Anvers a un beau môle ou port de la rivière, appelé werf, avec sa place très spacieuse appelée
vulgairement crane, ainsi nommée pour un ingénieux instrument ou machine qui y est avec lequel tous
navires sont facilement déchargés. Cette place est toute pavée et sur le bord de la rivière bien relevée,
où les navires principalement se viennent décharger de toutes portées ; de sorte que, entre grands et
petits, il y en a toujours grand nombre qui vont et viennent, lesquels rendent une vue vraiment
plaisante et admirable : découvrir en une œillade si grands espaces d’une telle rivière avec marée
perpétuelle, voir aller et venir à toute heure et en tout endroit navires de toutes nations et pays avec
toutes sortes d’hommes et de marchandises, voir tant de manières de navires, tant d’instruments et
moyens pour les manier que toujours s’y voit choses nouvelles. Anvers a huit principaux canaux qui
descendent de la rivière, par lesquels entrent navires, bateaux et grosses barques chargées par la ville
[…].
Communément les bourgeois et manants d’Anvers font profession mercantile et sont certes grands
marchands et trafiqueurs moult riches, et aucuns1 très riches, voire jusques à 400 000 écus pour tête
et davantage. Ce sont personnes humaines civiles, ingénieuses, promptes à imiter l’étranger et faciles
à faire parentage avec lui. Ils sont fort fréquentant le monde. Et la plupart d’eux – jusques aux femmes
– combien qu’ils n’aient été hors du pays2, sont doués de trois ou quatre langues, sans [compter] ceux
qui en suivent cinq, six et sept, chose vraiment commode et admirable. Il y a artisans de toutes sortes
d’arts et métiers fort excellents […].
C’est la raison [pour laquelle] nous nous arrêtons un peu sur le trafic, affaires et manières de faire qui
sont entre les marchands étrangers trafiquants et cette ville, vu mêmement que son principal
fondement consiste en la marchandise, et qu’elle s’est illustrée et agrandie et enrichie par les étrangers.

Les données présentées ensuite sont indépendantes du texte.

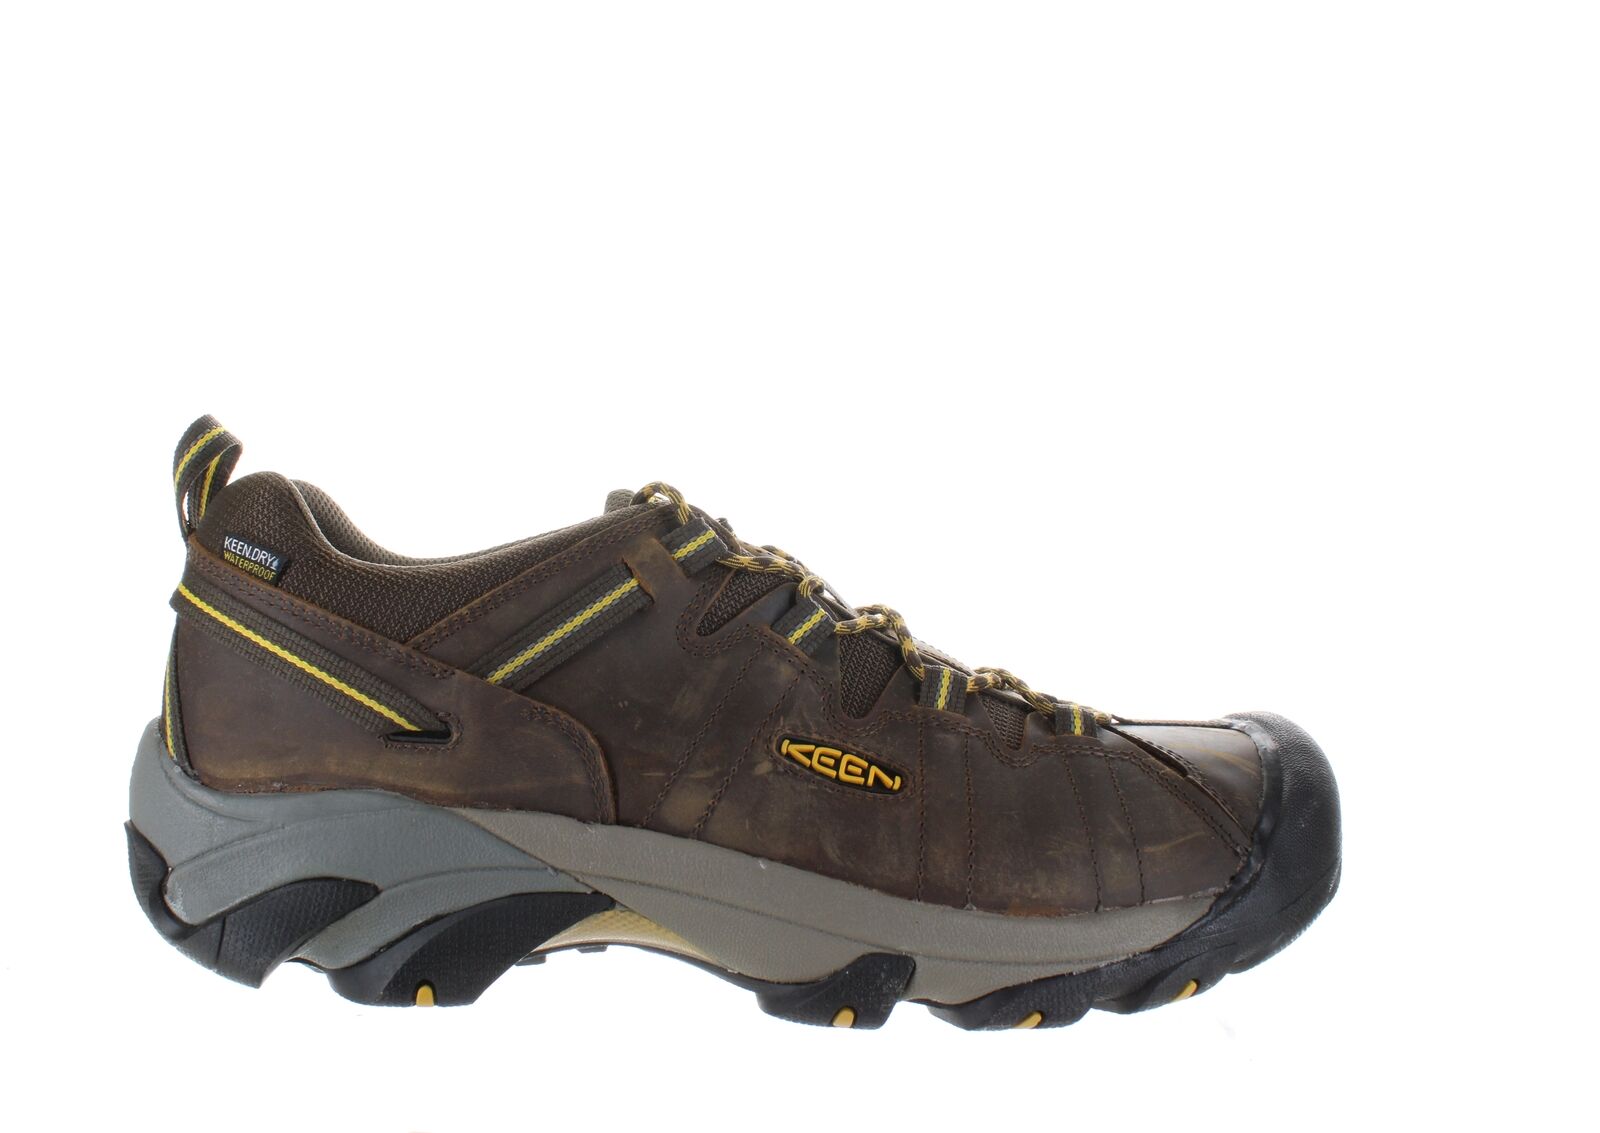 KEEN Mens Targhee Ii Cascade Brown/Golden Yellow Hiking Shoes Size 15 (2210149)

En premier lieu donc, je dis qu’en Anvers, outre les gens du pays qui en très grande multitude y
affluent et habitent, et outre les marchands français desquels en temps de paix y vient grande
affluence, il y a six nations principales, lesquelles font le nombre de plus de mille marchands, y compris
leurs principaux facteurs et ministres […].
Et quant au reste, chacun vit, se vêt et maintient librement à sa fantaisie. Et à dire vrai, les étrangers
vivent en plus grande liberté ici en Anvers et par tous ces Pays-Bas, qu’on ne fait en quelque autre
pays que ce soit de tout le monde. De sorte que c’est un cas merveilleux de voir un tel mélange
d’hommes, de si diverses humeurs et qualités, et plus encore d’ouïr une telle variété de langages, et si
différents l’un de l’autre, tellement que sans voyager, en une seule ville, vous pouvez voir et, s’il vous
plaît, imiter le naturel, façon de vie et coutume de plusieurs nations lointaines […].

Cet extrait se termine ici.